Saga Pattern for Distributed Transactions

In a monolithic application, a database transaction guarantees atomicity across multiple operations. In a microservices architecture, where each service has its own database, traditional ACID transactions are no longer possible. The saga pattern provides a way to maintain data consistency across services without distributed transactions.

What Is a Saga?

A saga is a sequence of local transactions, each within a single service. Each local transaction updates the database and publishes a message or event that triggers the next local transaction. If a local transaction fails, the saga executes compensating transactions to undo the changes made by previous transactions.

There are two common implementations: choreography-based and orchestration-based sagas.

Choreography-Based Saga

In a choreography-based saga, each service knows what to do next and publishes events after completing its local transaction. There is no central coordinator.

Consider an order placement flow:

**Order Service** creates an order in `PENDING` status and publishes `OrderCreated`.

2. **Inventory Service** receives the event, reserves inventory, publishes `InventoryReserved`.

3. **Payment Service** receives the event, processes payment, publishes `PaymentProcessed`.

4. **Order Service** receives the event, updates order status to `CONFIRMED`.

If payment fails, the Payment Service publishes `PaymentFailed`. The Inventory Service listens for this event and releases the reserved inventory. The Order Service updates the order to `FAILED`.

**Pros:** Simple, no single point of failure, services are loosely coupled.

**Cons:** The flow is spread across services, making it harder to trace and debug. Services can become tightly coupled to each other's events. Complex workflows are difficult to manage.

Orchestration-Based Saga

In an orchestration-based saga, a central orchestrator (the saga coordinator) tells each service what to do. The orchestrator sends commands to services and handles their responses.

Using the same order flow:

**Order Saga Orchestrator** tells Order Service to create an order.

2. Order Service creates the order and responds with `success`.

3. Orchestrator tells Inventory Service to reserve inventory.

4. Inventory Service responds with `success`.

5. Orchestrator tells Payment Service to process payment.

6. Payment Service responds with `success`.

7. Orchestrator tells Order Service to confirm the order.

If any step fails, the orchestrator executes compensating actions in reverse order. For example, if payment fails, it tells Inventory Service to release inventory and Order Service to reject the order.

**Pros:** Clear workflow definition in one place, easier to monitor and debug, good for complex workflows with conditional logic.

**Cons:** The orchestrator is a single point of failure and can become a bottleneck.

Compensating Transactions

Sagas rely on compensating transactions for rollback. Unlike ACID rollbacks, compensations are application-level operations that semantically undo a previous action. For example:

`InventoryReserved` is compensated by `InventoryReleased`.

`PaymentProcessed` is compensated by `PaymentRefunded`.

`EmailSent` might not require compensation at all.

Design compensations to be idempotent. A compensation might be executed multiple times if the orchestrator crashes and retries. A good test: if the compensation runs twice, the system should still end up in the correct state.

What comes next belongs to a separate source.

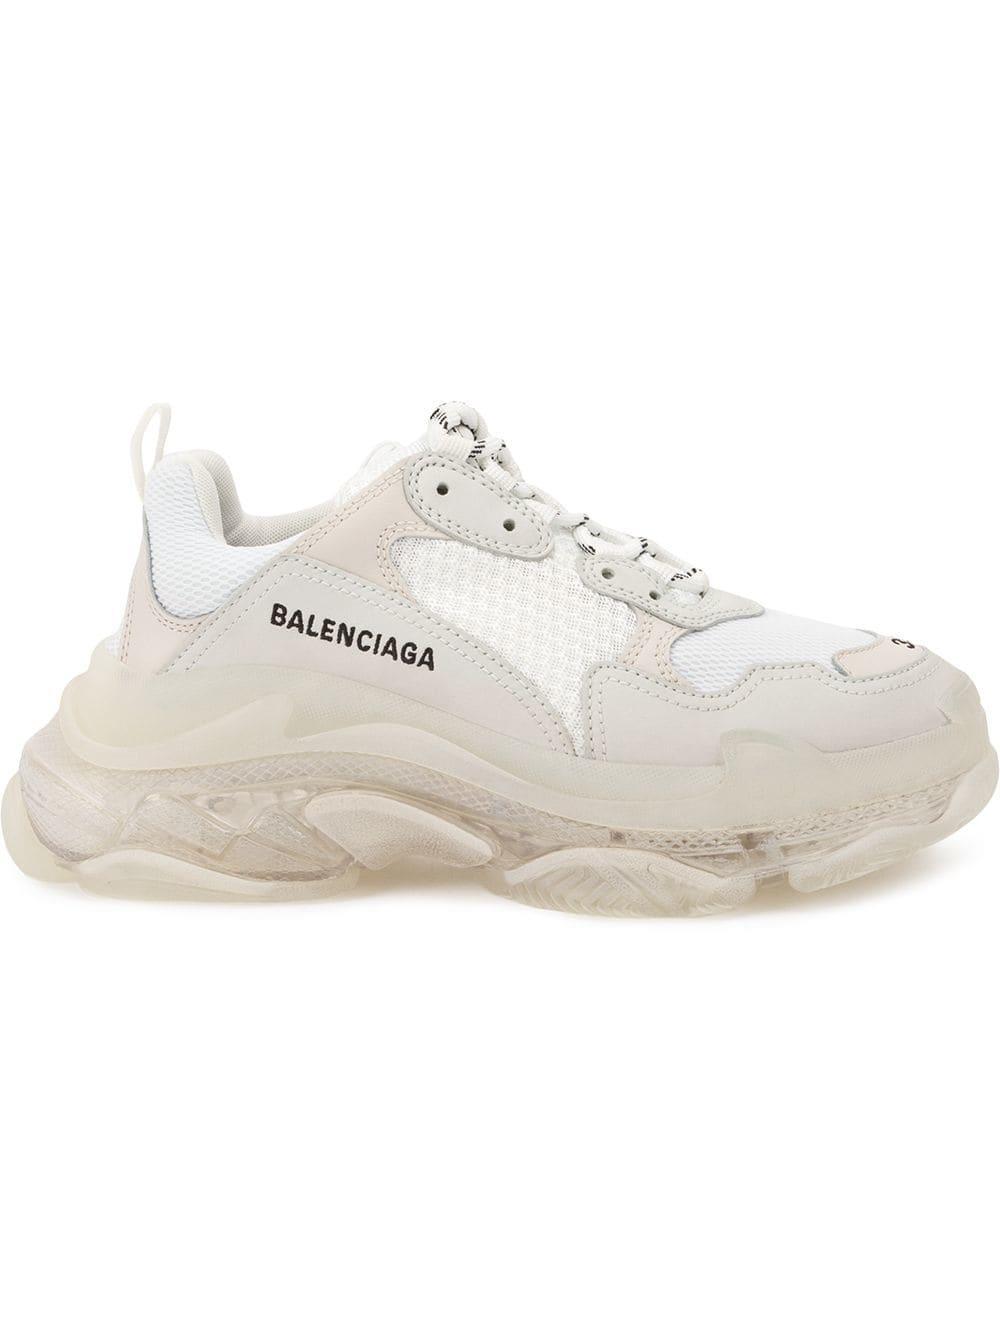 13566e22f36dd Balenciaga - White Triple S Sneakers - Lyst. View fullscreen

Handling Failures and Retries

Failures in sagas fall into two categories:

**Business failures** (insufficient inventory, invalid payment) trigger compensation flows immediately. These are expected and part of normal operation.

**Technical failures** (timeout, network error) are harder to handle. Best practices include:

Implementing retry with exponential backoff for transient failures.

Storing saga state in a database so the saga can resume after a crash.

Using a saga log to track which steps have completed.

When to Use Sagas

Use sagas when:

You need to maintain data consistency across multiple services.

Each service has its own database (database per service pattern).

You accept eventual consistency -- sagas are not ACID. There is a window of inconsistency between steps.

Do not use sagas when you need strong ACID guarantees across services. In those cases, reconsider your service boundaries or accept that some operations might need to be in the same service.

Practical Implementation

Start with choreography for simple flows with 2-3 services. Switch to orchestration when the flow becomes complex or you need visibility into saga state. Use a dedicated saga orchestration framework like Axon, Temporal, or Camunda for production systems. Always implement idempotency and retry logic. Log every saga step for debugging and monitoring.

Summary

The saga pattern is the de facto standard for distributed transactions in microservices. Choose choreography for simple flows and orchestration for complex ones. Design compensating transactions carefully, handle both business and technical failures, and accept that sagas provide eventual consistency, not ACID guarantees.